There are times when a tenant needs a co-signer. Perhaps the tenant is a young person who has not yet established a rent or employment record. Or the tenant’s credit record is not good. Sometimes a tenant, through frugal spending habits, can actually pay the required rent, but doesn’t meet the basic income requirements of the industry. Most professional landlords require that a tenant’s yearly rent not exceed 30% of his/her gross income, i.e., salary before any deductions for taxes, etc. Thus, to qualify for an apartment renting for $6,000 per year, a tenant must have $20,000 gross income.

If, by any chance, a tenant has significant savings, he or she can probably negotiate a year’s lease by paying a significant amount of rent in advance. For most people however, the most feasible procedure is to seek a co-signer. A landlord does not have to accept a co-signer, but many do.

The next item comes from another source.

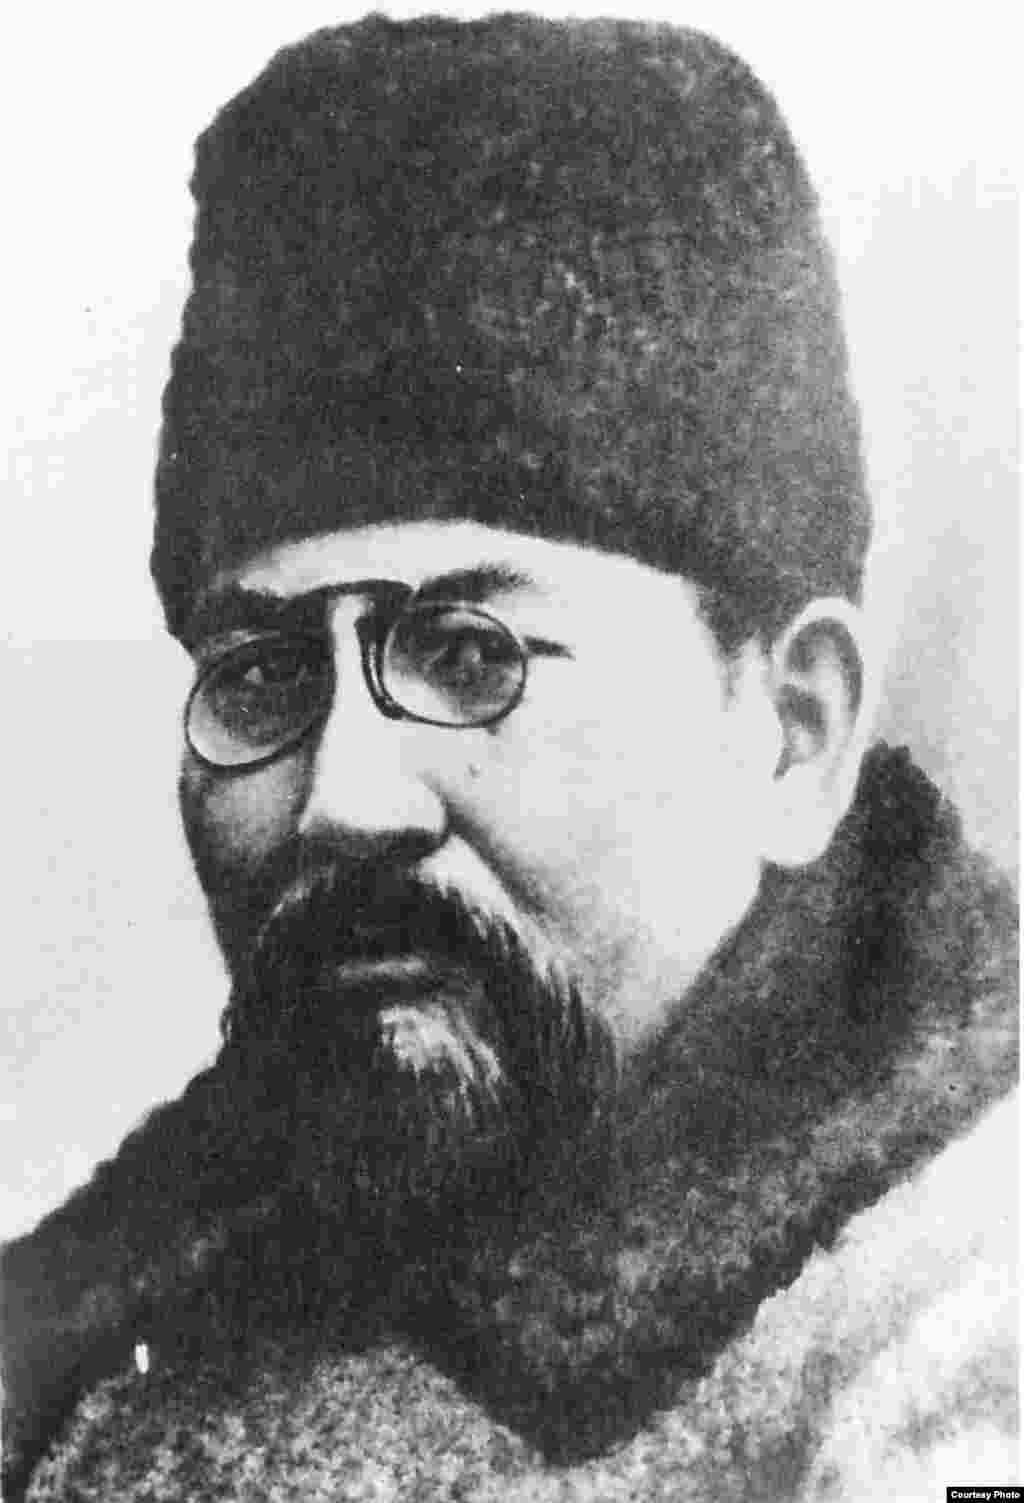 """Ахмет Байтұрсынұлы, """"Қазақ"""" газетінің үш құрылтайшысының бірі, әрі 1913-1917 жылдардағы бас редакторы."""
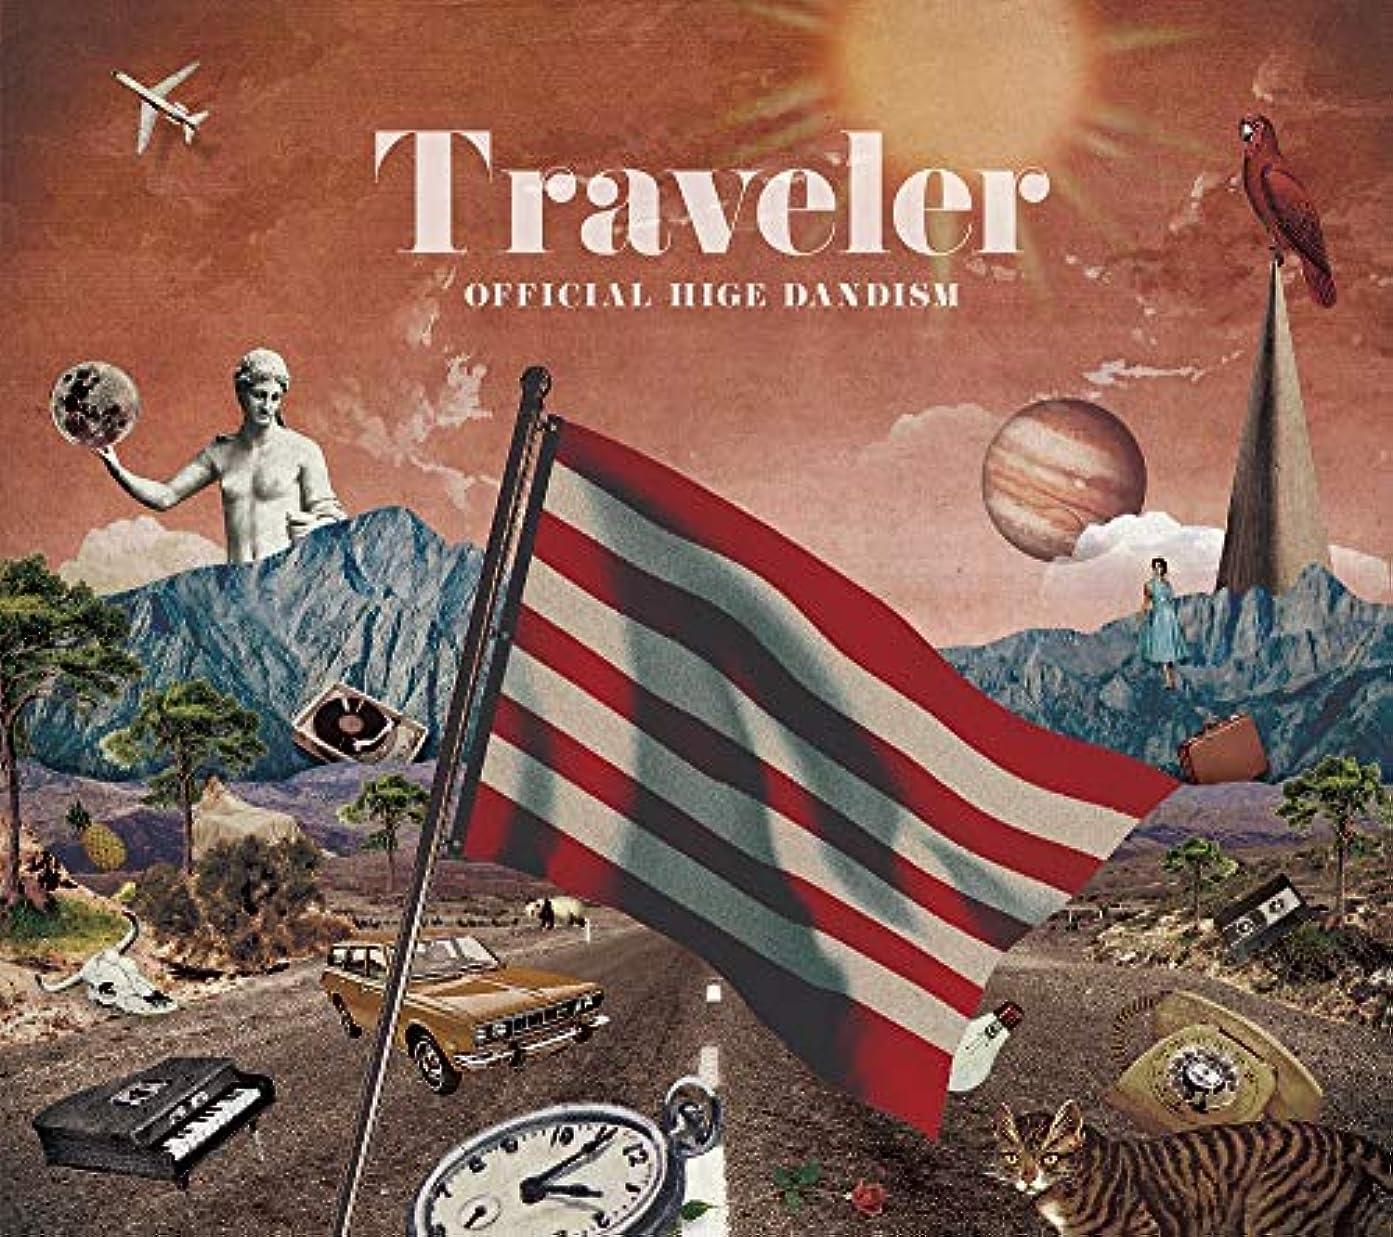 空飛躍カテゴリーTraveler (初回限定LIVE DVD盤)

A co-signer, to be acceptable, usually has to meet all the qualifications of a tenant who would normally qualify for the apartment: good credit and employment record and sufficient income. It helps to have a co-signer who lives in Maryland, though some landlords will accept co-signers who live out of state.

Co-signing a lease is a serious responsibility that should not be taken lightly. Tenants seeking a co-signer should not underestimate the risk that they are asking someone to assume. If a tenant cannot really afford or can’t budget his/her money properly and defaults on the lease, then most landlords will seek payment from the co-signer even if they have to take him/her to court. Simply because a co-signer does not reside in the property does not mean that he or she cannot be held accountable for the rent.

Furthermore, a co-signer must know whether he or she is responsible for only the first year of the lease or for renewals thereafter-- as is usually the case. If tenants have been paying their rent on time during the first year, and should their incomes improve enough to have the apartments on their own, then before their current leases renew, they should seek to have non-co-signed leases for the future. If the tenants are unwilling to do this, and the co-signer wants to be relieved of future potential liability, then the co-signer should send a written notice to the landlord, before the lease renews, that at the end of the current lease he or she will no longer be a co-signer.

Sometimes, especially in the case of students, there are three co-signers-- perhaps one from Maryland and two from out of state. The Maryland co-signer and the Maryland tenant should be aware that the landlord can sue one or all of the co-signers, and it is easier to sue locally than out of state. If the Maryland co-signer has income and assets enough, he/she may be the only one sued (and then he/she would have to sue the other co-signers).

So, using a co-signer may enable you to rent the apartment you really want. However, if you are a tenant seeking a co-signer, you need to fully realize the risk you are asking another person to take for you. Instead of asking someone to take this risk for you, you may want to consider seeking more modest accommodations where the landlord does not require a co-signer until you have rectified your credit or have a better employment record and income.